Батарея за нашей спиной уже отвечала — оставшимися стволами, по той самой лощине, по неисполненной заявке. Наводил старший фейерверкер, по рощинским листам. Сетка работала и без Рощина.
Об этом я старался не думать все восемьсот шагов. Сетка была моя. Углы в ней — его. Я сам, своей рукой, вписал его в неё первой строкой.
* * *
Штурм отбили к ночи — я узнал об этом в госпитальном коридоре, между чужих носилок, от санитара, повторявшего новость каждому: отбили, всюду отбили, держим. Новость шла по коридору, как глоток воды по цепи, и раненые передавали её друг другу губами. Под этой новостью коридор жил дальше: скрипели носилки, сиделка несла охапку шинелей на просушку, у дальнего окна кто-то тонко, по-мальчишески просил пить, и ему несли.

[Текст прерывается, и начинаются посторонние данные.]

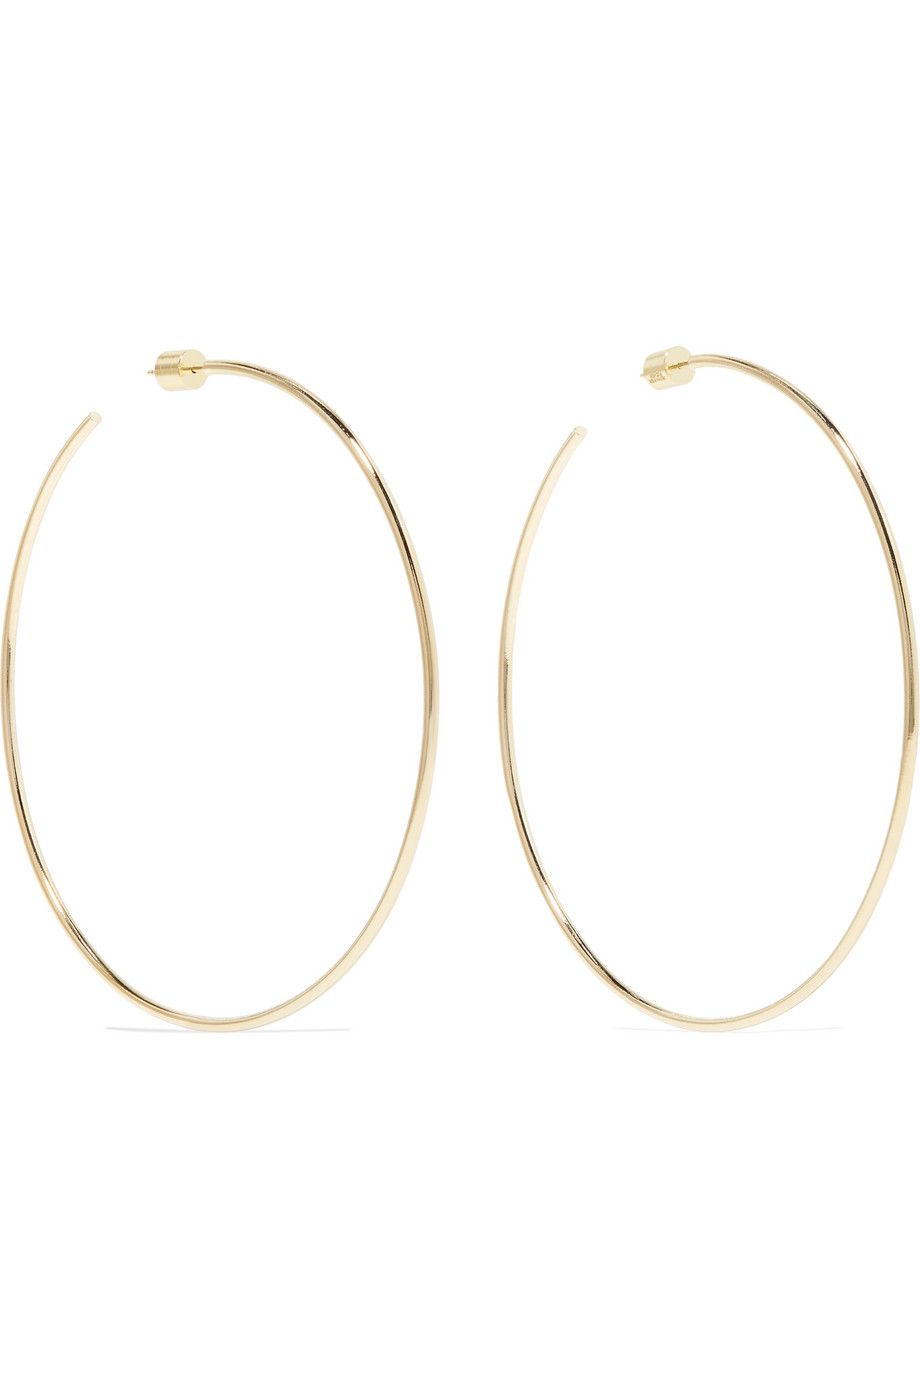 Skinny gold-plated hoop earrings

Рощин был на столе полтора часа.
Я ждал стоя, у стены, на том пятачке, где ждут все: здесь стена была вытерта спинами до блеска. Мимо носили. Мимо водили. Пахло эфиром и глиной. На двери операционной кто-то из сестёр мелом вёл счёт — палочками, как в лавке; к ночи палочек было столько, что счёт потерял смысл, и его бросили. Время от времени в конце коридора открывалась дверь, и я по звуку узнавал, что она открылась, раньше, чем поворачивал голову. Раз пронесли обратно пустые носилки с аккуратно сложенной шинелью, и все у стены проводили эту шинель глазами и ничего друг у друга не спросили.
Вера Алексеевна вышла из операционной с ним рядом — шла у носилок, придерживая на ходу край одеяла, и по её лицу нельзя было прочесть ничего, кроме того, что она устала. У двери палаты она передала одеяло сиделке, обернулась и нашла меня у стены — сразу, будто знала, где искать.

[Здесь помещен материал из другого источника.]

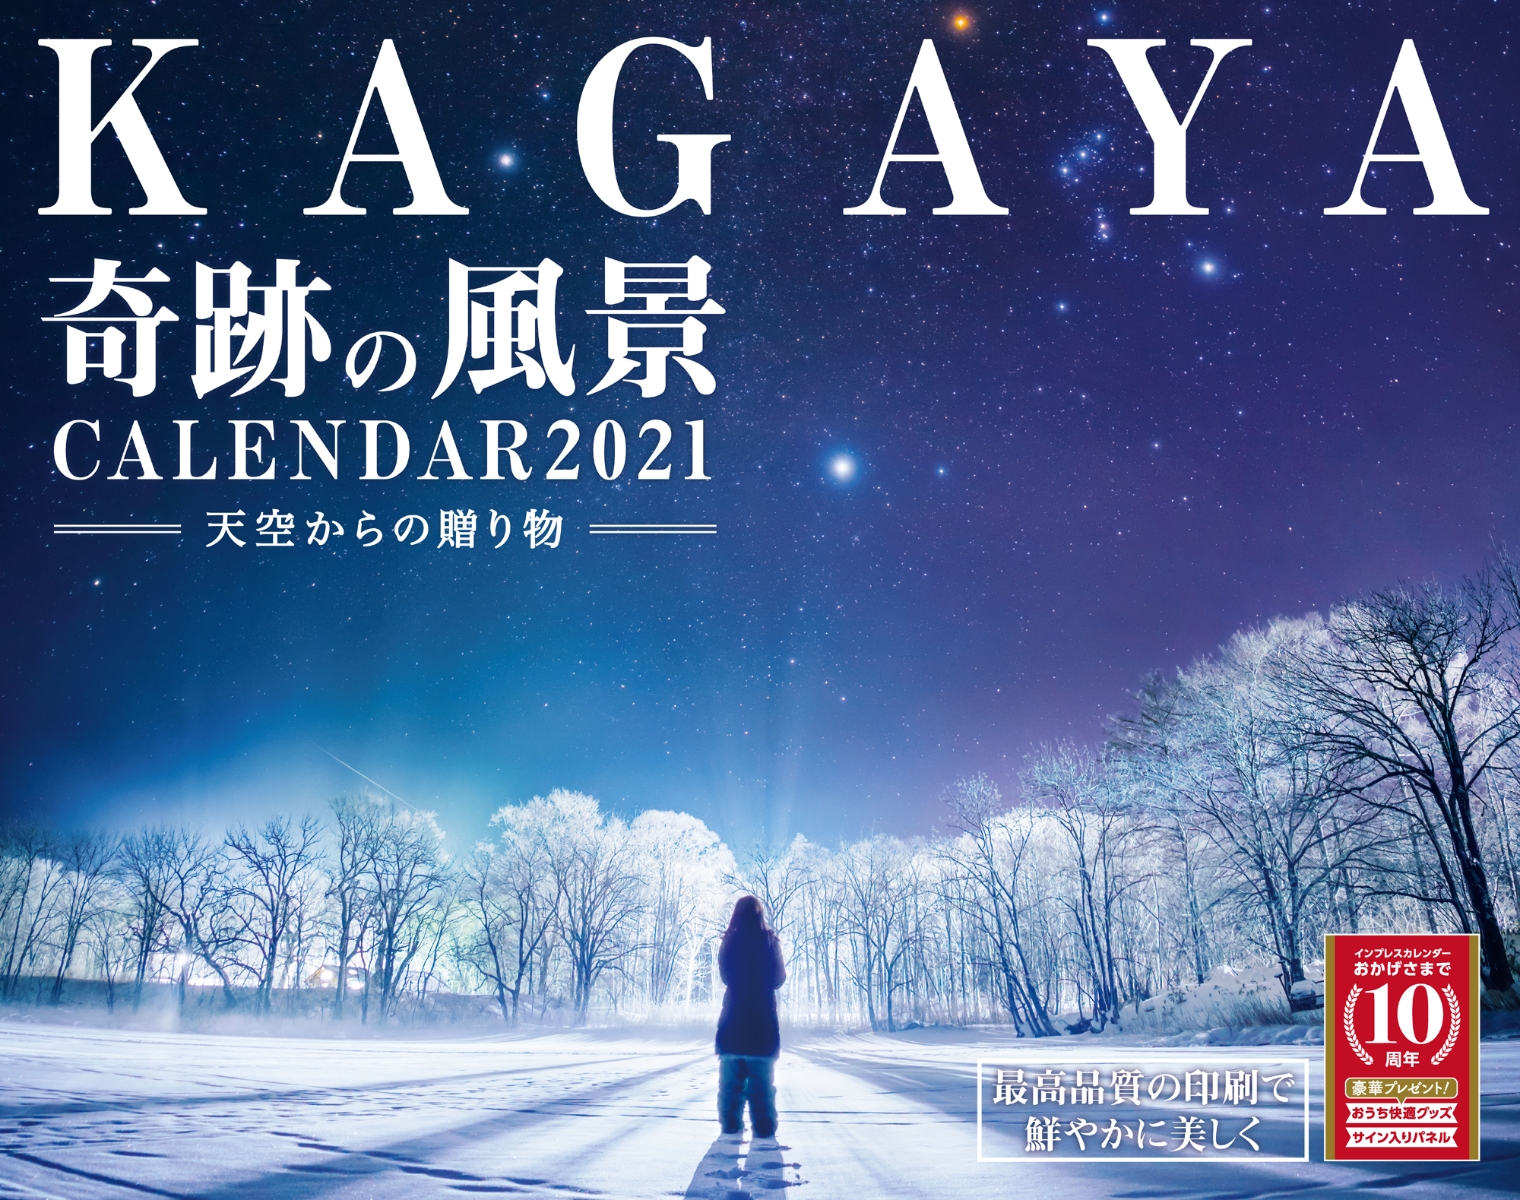 楽天ブックス Kagaya奇跡の風景calendar 21 天空からの贈り物 本

— Жив, — сказала она. — Осколки вынули, два. Правое лёгкое. Доктор говорит: молодой, дотянет. Отвоевался ваш Глеб Васильевич — надолго, может, насовсем. Но жив.
Она проговорила это ровно, по-палатному, как докладывают о состоянии, — и только в самом конце, на «жив», голос у неё качнуло, самую малость, как качает пламя от прошедшего мимо человека.
— Можно к нему?
— Нельзя. Завтра. — Она посмотрела на мои руки, и я сам посмотрел на них: пальцы были в бурой кайме, под ногтями — чужая кровь. — Пойдёмте. Вам надо вымыть руки и выпить чаю. У нас это по одной цене.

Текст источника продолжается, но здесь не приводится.